# CMP 5006 - Information Security 


## Cryptographic Hashes


### Alejandro Proano, PhD. 

In [None]:
## MAP
a = dict()
# the address in memory of 1 is given by hash(x)
a['x'] = 1
a['y'] = 2

## SET
b = set()
# the address in memory of x is determined by hash(1)
b.add(1)
b.add(2)

## What is a Cryptographic Hash Function?

- A mathematical algorithm that maps data of arbitrary size to a fixed-size output
- Designed to be a one-way function (practically impossible to invert)
- Key properties:
  1. Deterministic
  2. Quick to compute
  3. Infeasible to reverse
  4. Small changes in input cause large changes in output
  5. Collision-resistant


## Properties of Cryptographic Hash Functions

### 1. Pre-image Resistance

Given a hash value h, it should be computationally infeasible to find any message m such that:

$\text{hash}(m) = h$

### 2. Second Pre-image Resistance

Given an input $m_1$, it should be computationally infeasible to find a different input $m_2$ such that:

$\text{hash}(m_1) = \text{hash}(m_2)$

### 3. Collision Resistance

It should be computationally infeasible to find two different messages $m_1$ and $m_2$ such that:

$\text{hash}(m_1) = \text{hash}(m_2)$


## Common Cryptographic Hash Functions

1. MD5 (deprecated)
2. SHA-1 (deprecated)
3. SHA-2 family (SHA-256, SHA-512)
4. SHA-3 family
5. BLAKE2
6. BLAKE3


## Example: SHA-256

SHA-256 produces a 256-bit (32-byte) hash value, typically rendered as a 64-digit hexadecimal number.


In [14]:
import hashlib
from scipy.spatial import distance

message = "Hello, Crypto!"
hash_object = hashlib.sha256(message.encode())
hex_dig = hash_object.hexdigest()
print(hex_dig)

message1 = "Hello, Crypto!!"
hash_object1 = hashlib.sha256(message1.encode())
hex_dig1 = hash_object1.hexdigest()
print(hex_dig1)

print(distance.hamming(list(hex_dig), list(hex_dig1))*len(list(hex_dig)), len(list(hex_dig)))

de0640f1dc17ca1b01fb9eba3019ed07c12e2af4ae990ecb36aa669898a9fd40
b70e01f32faf33c2f7fb33025e7dd3839f54bd70d62b1d046d65359959ad66f6
58.0 64


## Applications of Cryptographic Hashes

1. Password storage
2. Data integrity verification
3. Digital signatures
4. Proof of work in blockchain
5. Hash-based message authentication codes (HMAC)

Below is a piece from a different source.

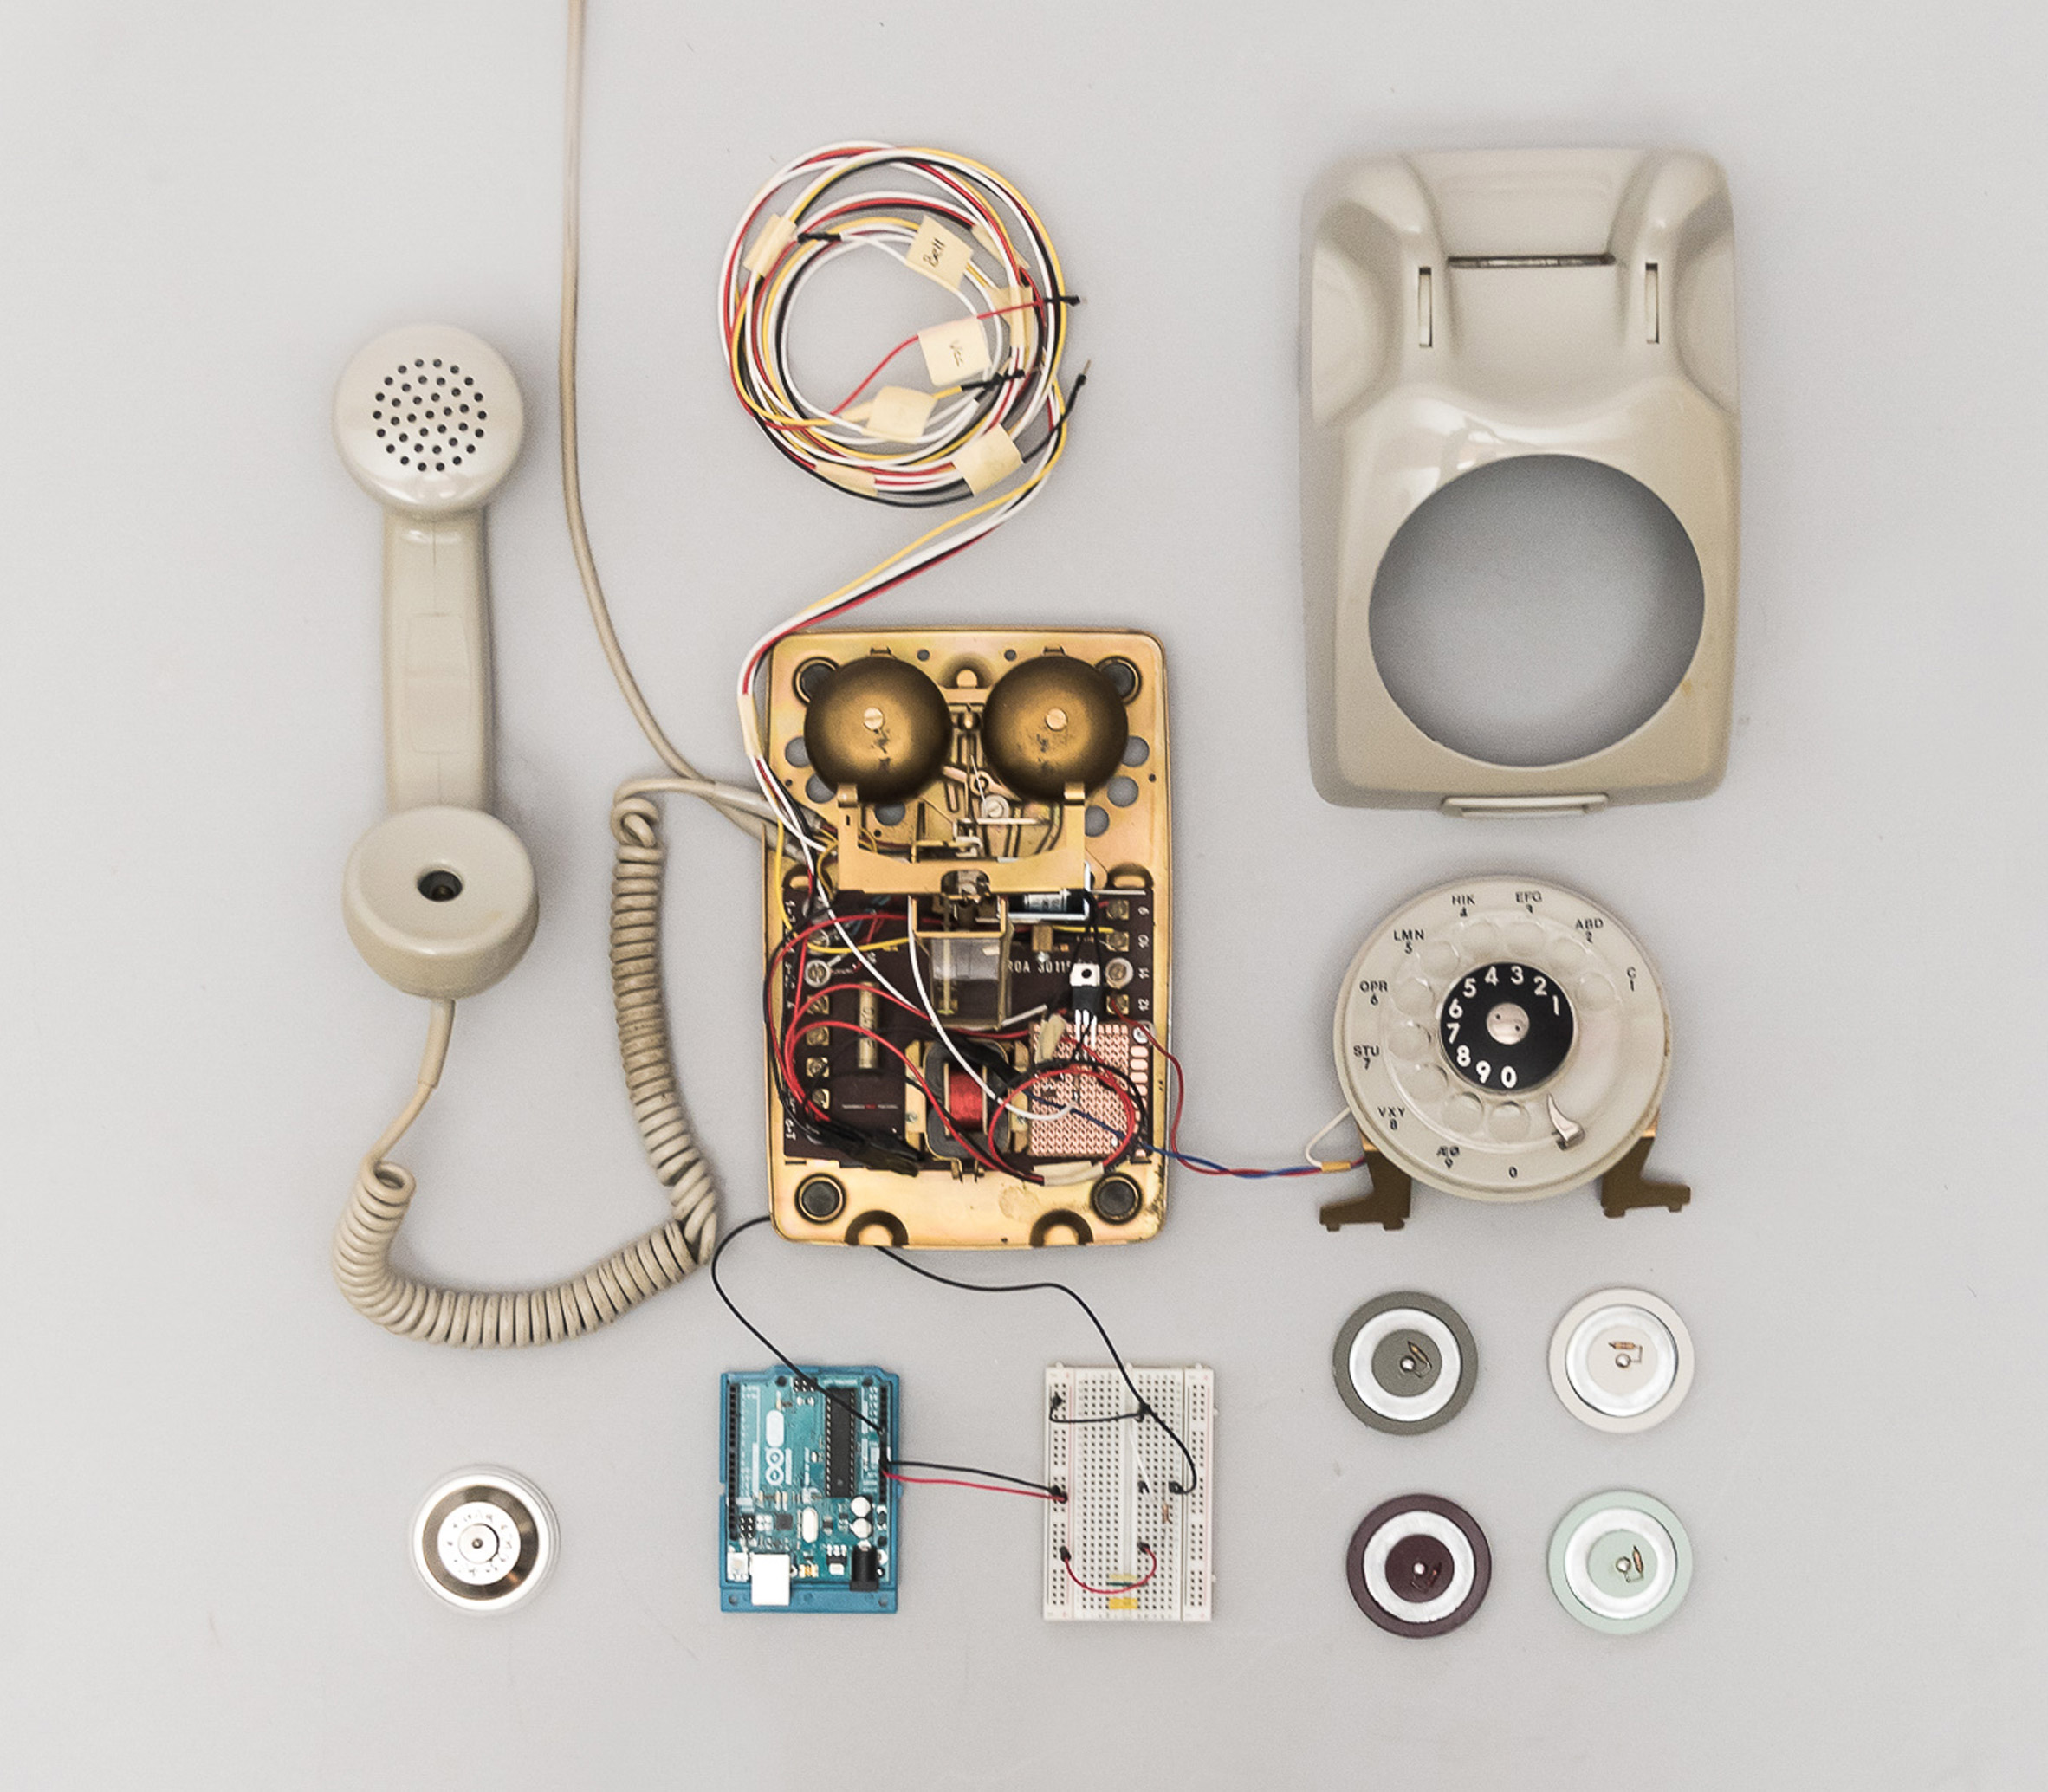 The Internet Phone by Copenhagen Institute of Interaction Design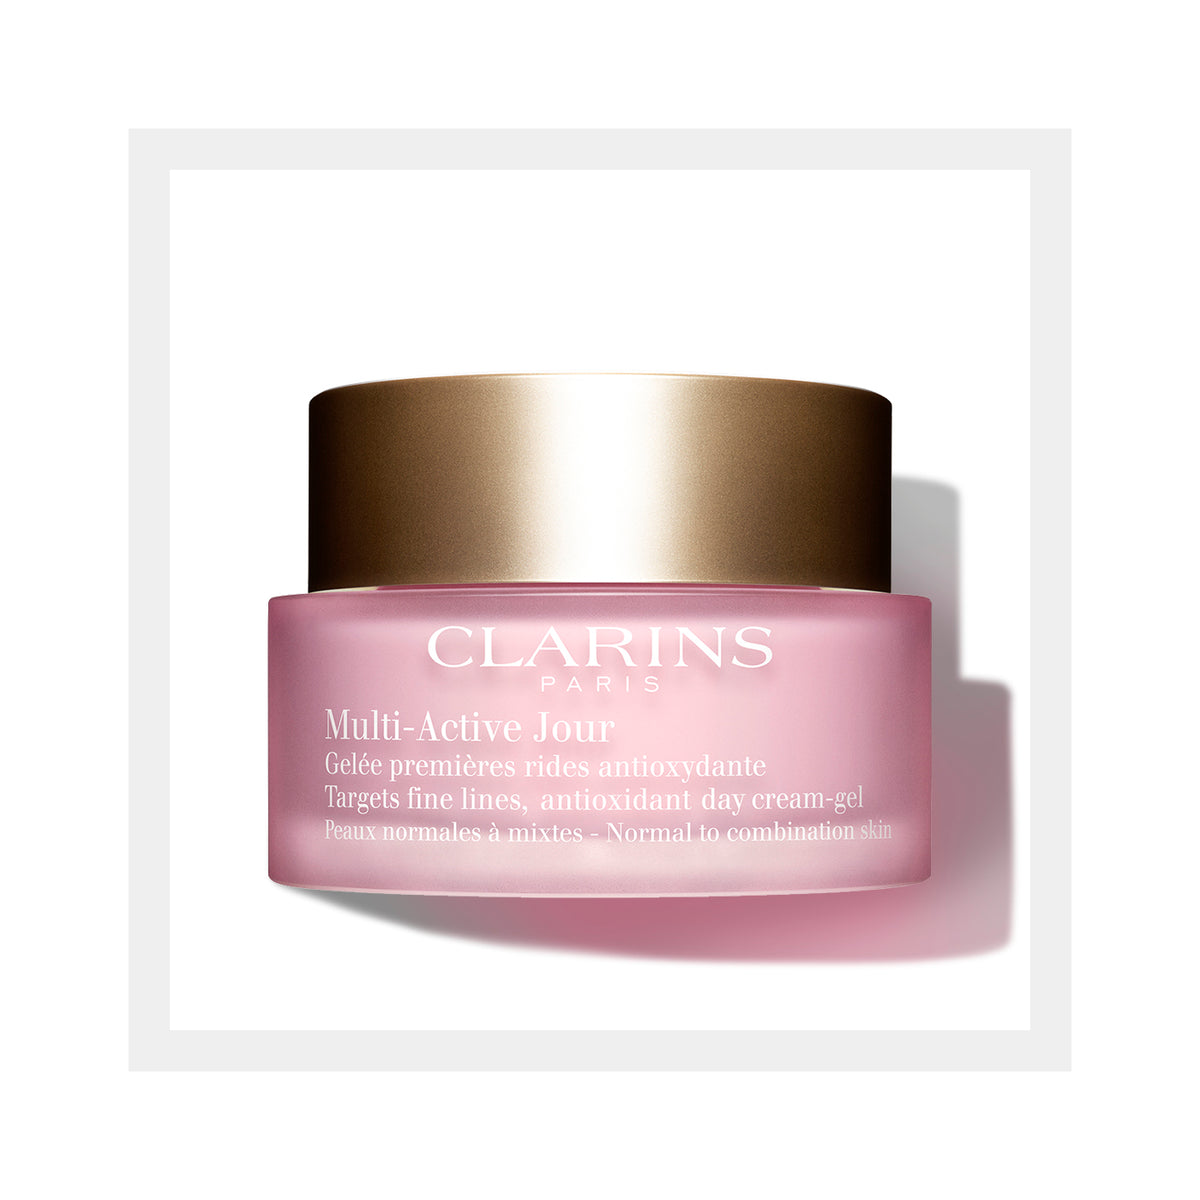 CLARINS Multi-Active Day Cream Gel - Normal/Combination Skin 50mL

## Password Storage Example

Instead of storing plaintext passwords, store their hashes:


In [4]:
def hash_password(password):
    return hashlib.sha256(password.encode()).hexdigest()

def verify_password(stored_hash, provided_password):
    return stored_hash == hash_password(provided_password)

In [15]:
# Usage
stored_hash = hash_password("mySecurePassword123")
print(verify_password(stored_hash, "mySecurePassword123"))  # True
print(verify_password(stored_hash, "wrongPassword"))        # False

True
False


## Salt in Password Hashing

To prevent rainbow table attacks, use a salt:

$hash = H(password || salt)$

Python example:


In [6]:
import os

def hash_password(password):
    salt = os.urandom(32)
    key = hashlib.pbkdf2_hmac('sha256', password.encode(), salt, 100000)
    return salt + key

def verify_password(stored_password, provided_password):
    salt = stored_password[:32]
    key = stored_password[32:]
    new_key = hashlib.pbkdf2_hmac('sha256', provided_password.encode(), salt, 100000)
    return key == new_key

In [7]:
stored_hash = hash_password("mySecurePassword123")
print(verify_password(stored_hash, "mySecurePassword123"))  # True
print(verify_password(stored_hash, "wrongPassword")) 

True
False


## Hash Collision Example

Birthday Paradox: In a room of 23 people, there's a 50% chance two share a birthday.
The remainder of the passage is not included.